─── DATA EXCERPT
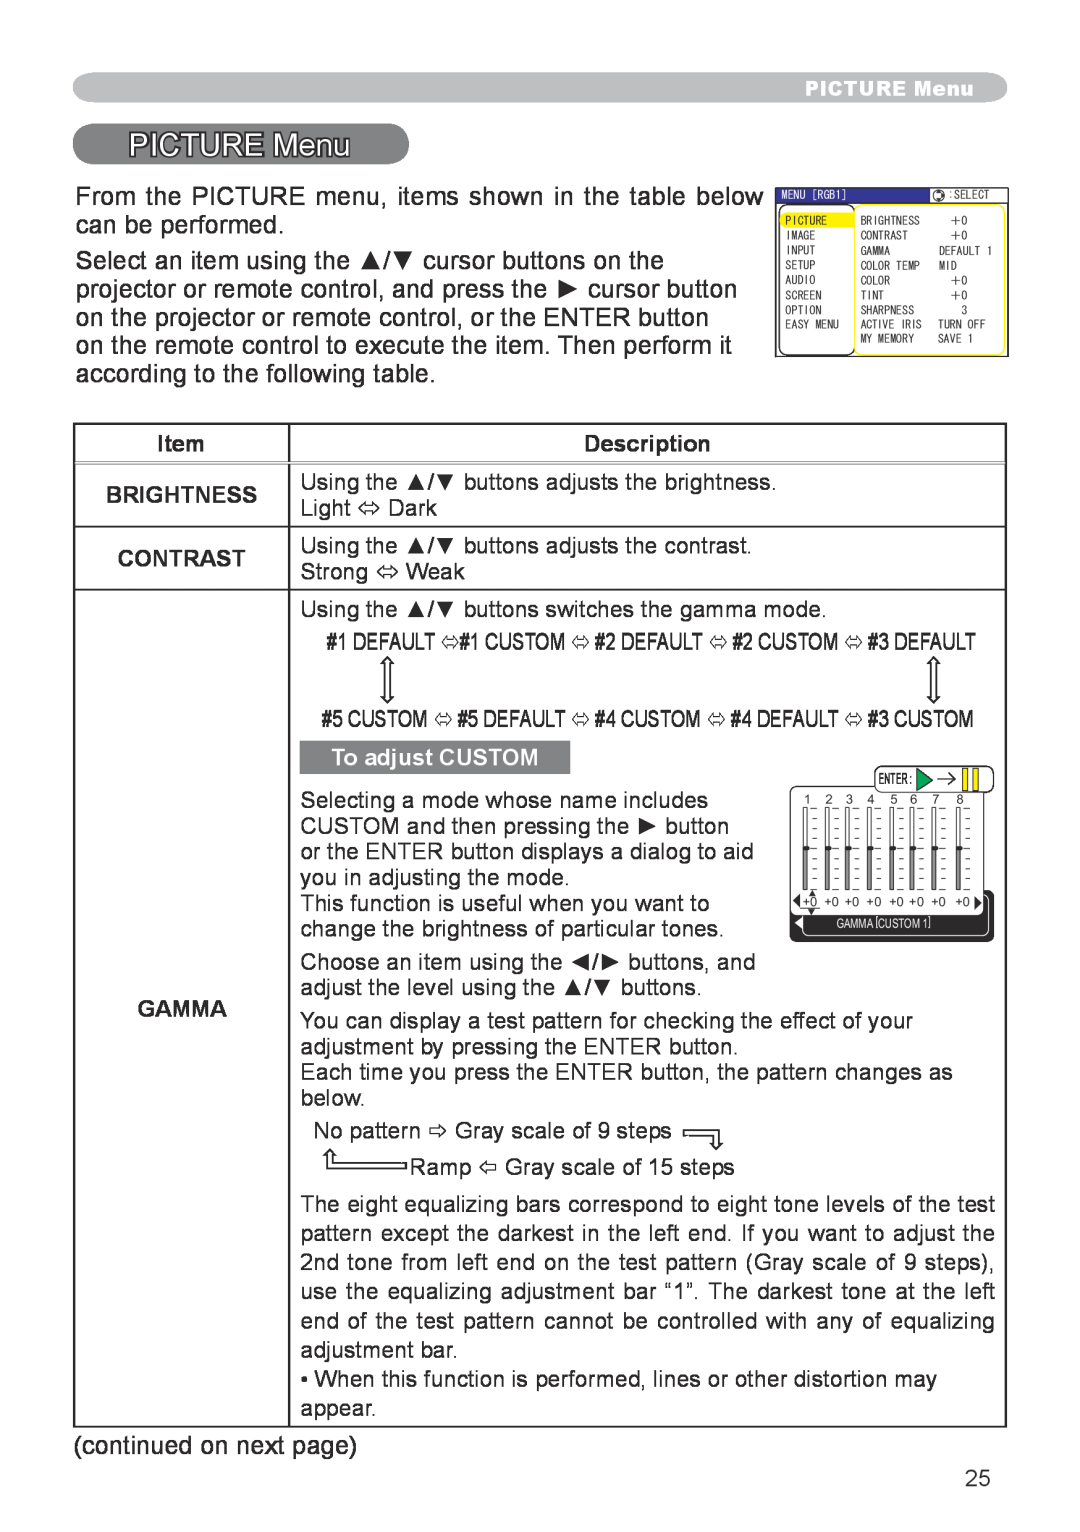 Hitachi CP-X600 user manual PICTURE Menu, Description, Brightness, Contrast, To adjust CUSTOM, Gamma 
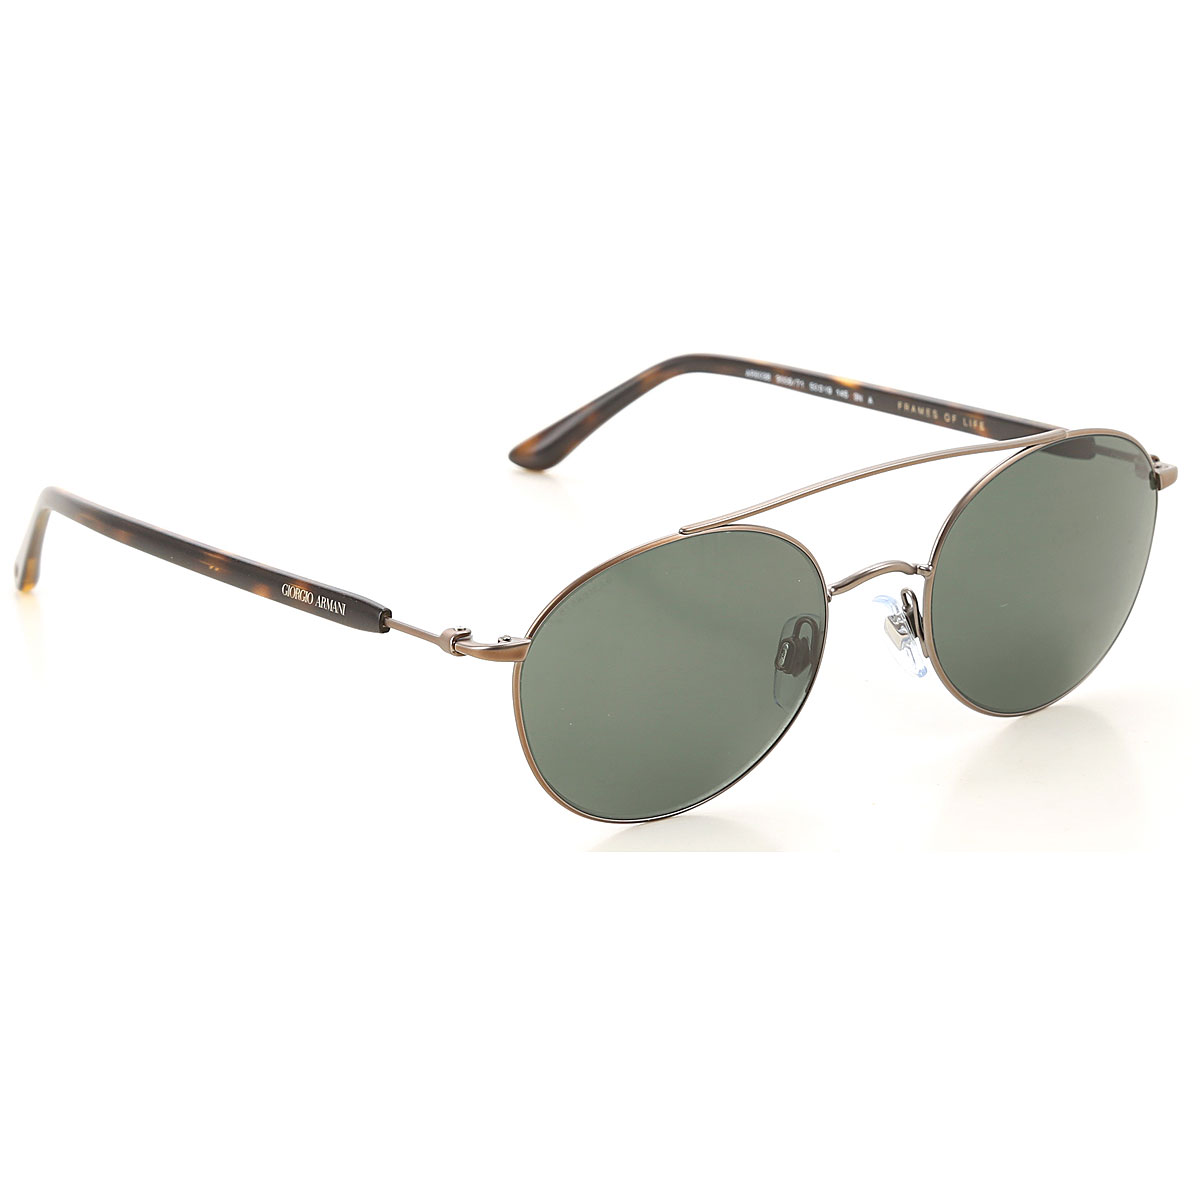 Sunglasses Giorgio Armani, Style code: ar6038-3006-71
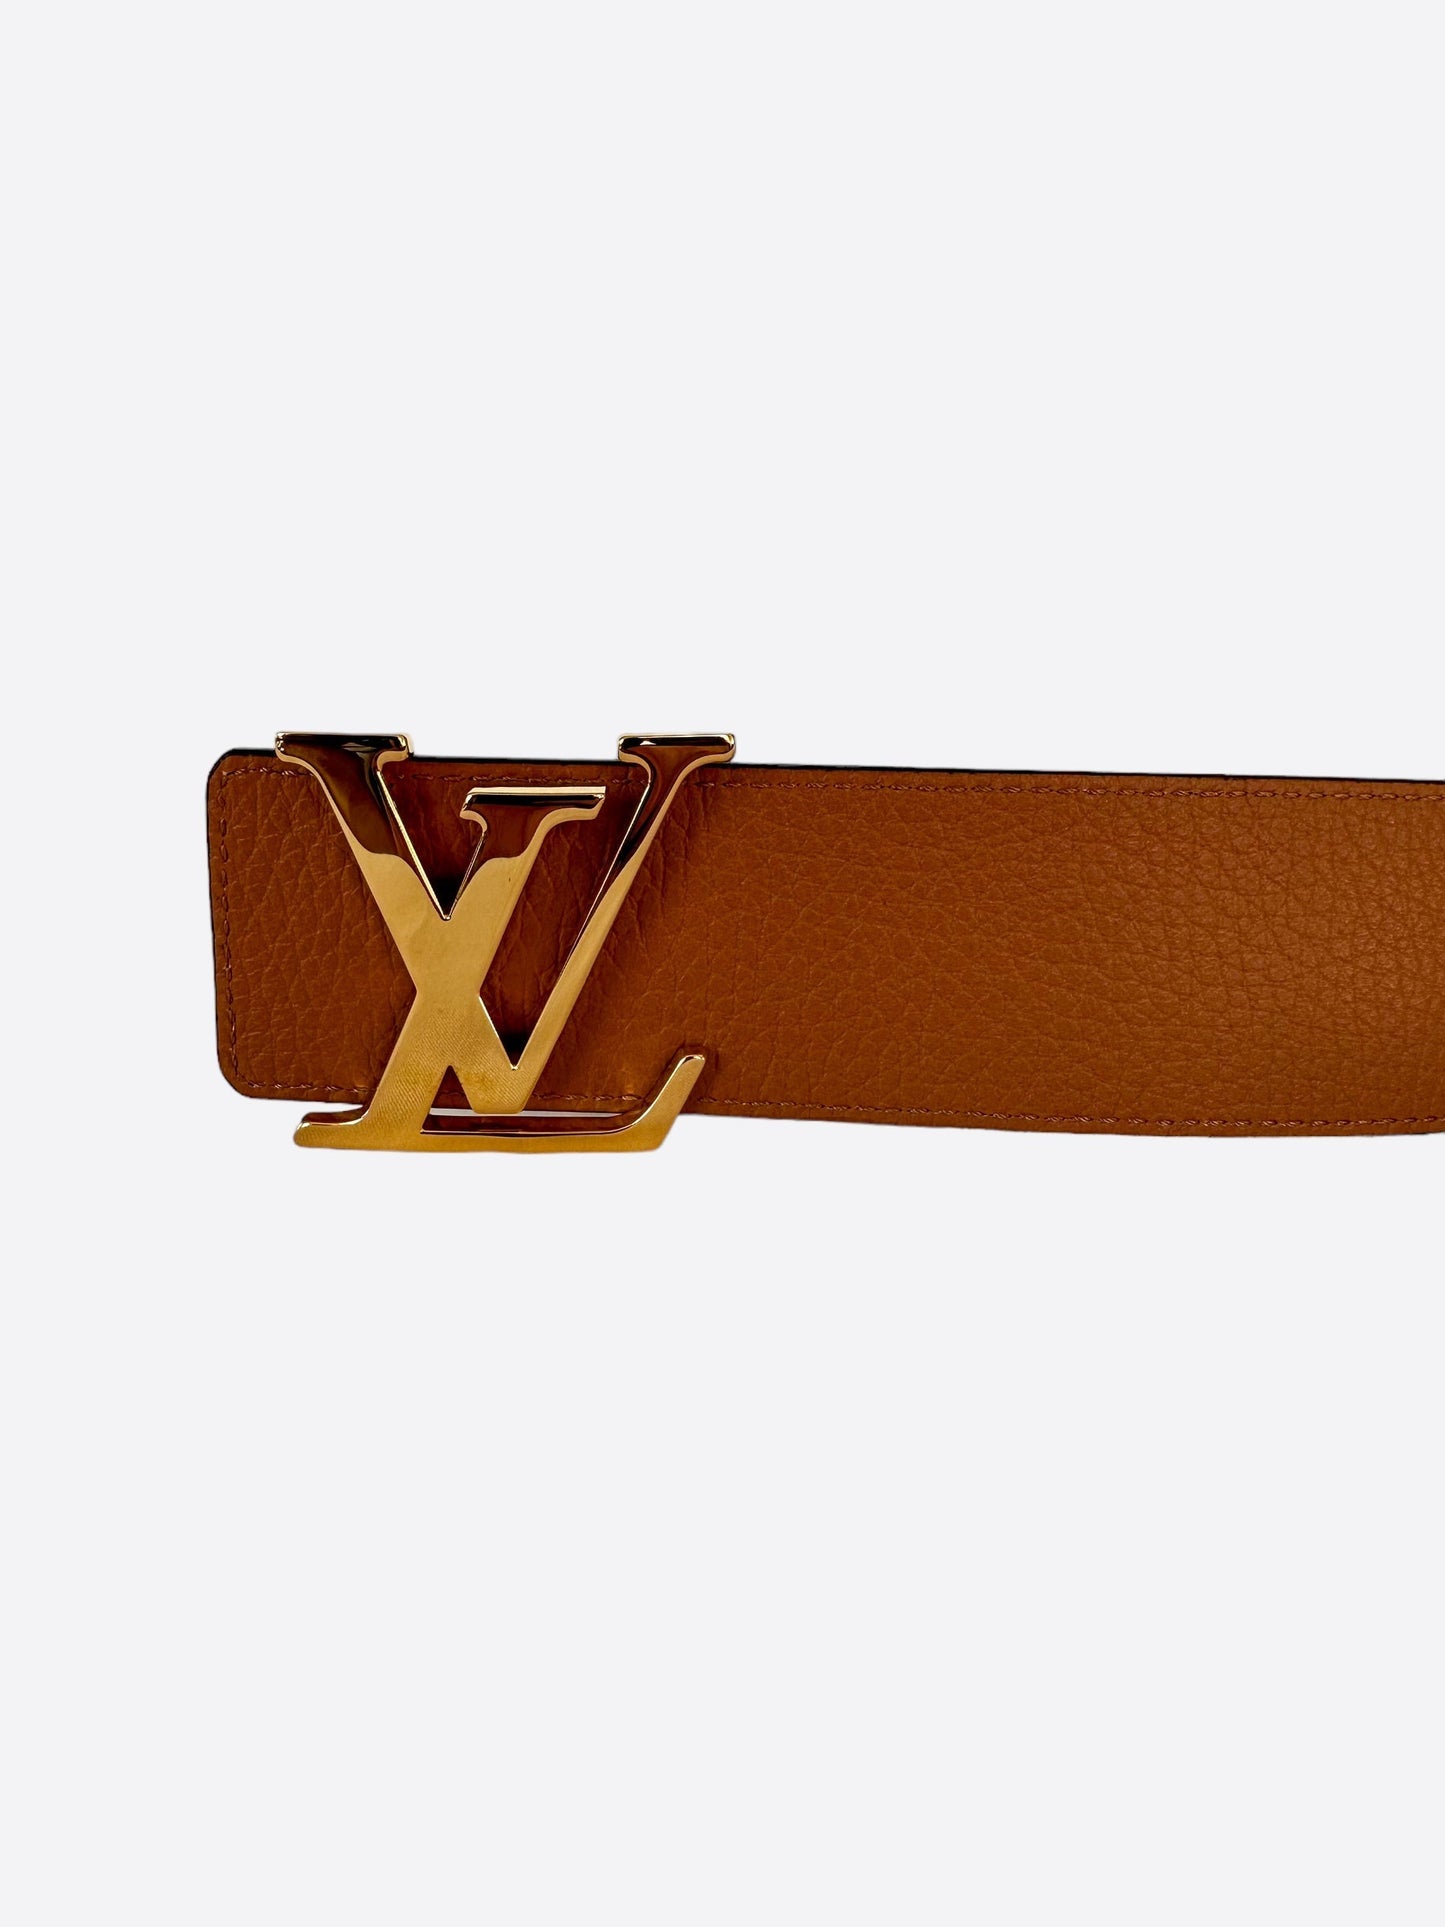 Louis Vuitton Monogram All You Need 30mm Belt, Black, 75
──────
**EXERCISE**
Your copy of the listing should match it exactly, apart from the pictures, which are left out.

**ANSWER AREA**
 Hitachi CP-X600 user manual PICTURE Menu, Description, Brightness, Contrast, To adjust CUSTOM, Gamma 
 Sunglasses Giorgio Armani, Style code: ar6038-3006-71
 Louis Vuitton Monogram All You Need 30mm Belt, Black, 75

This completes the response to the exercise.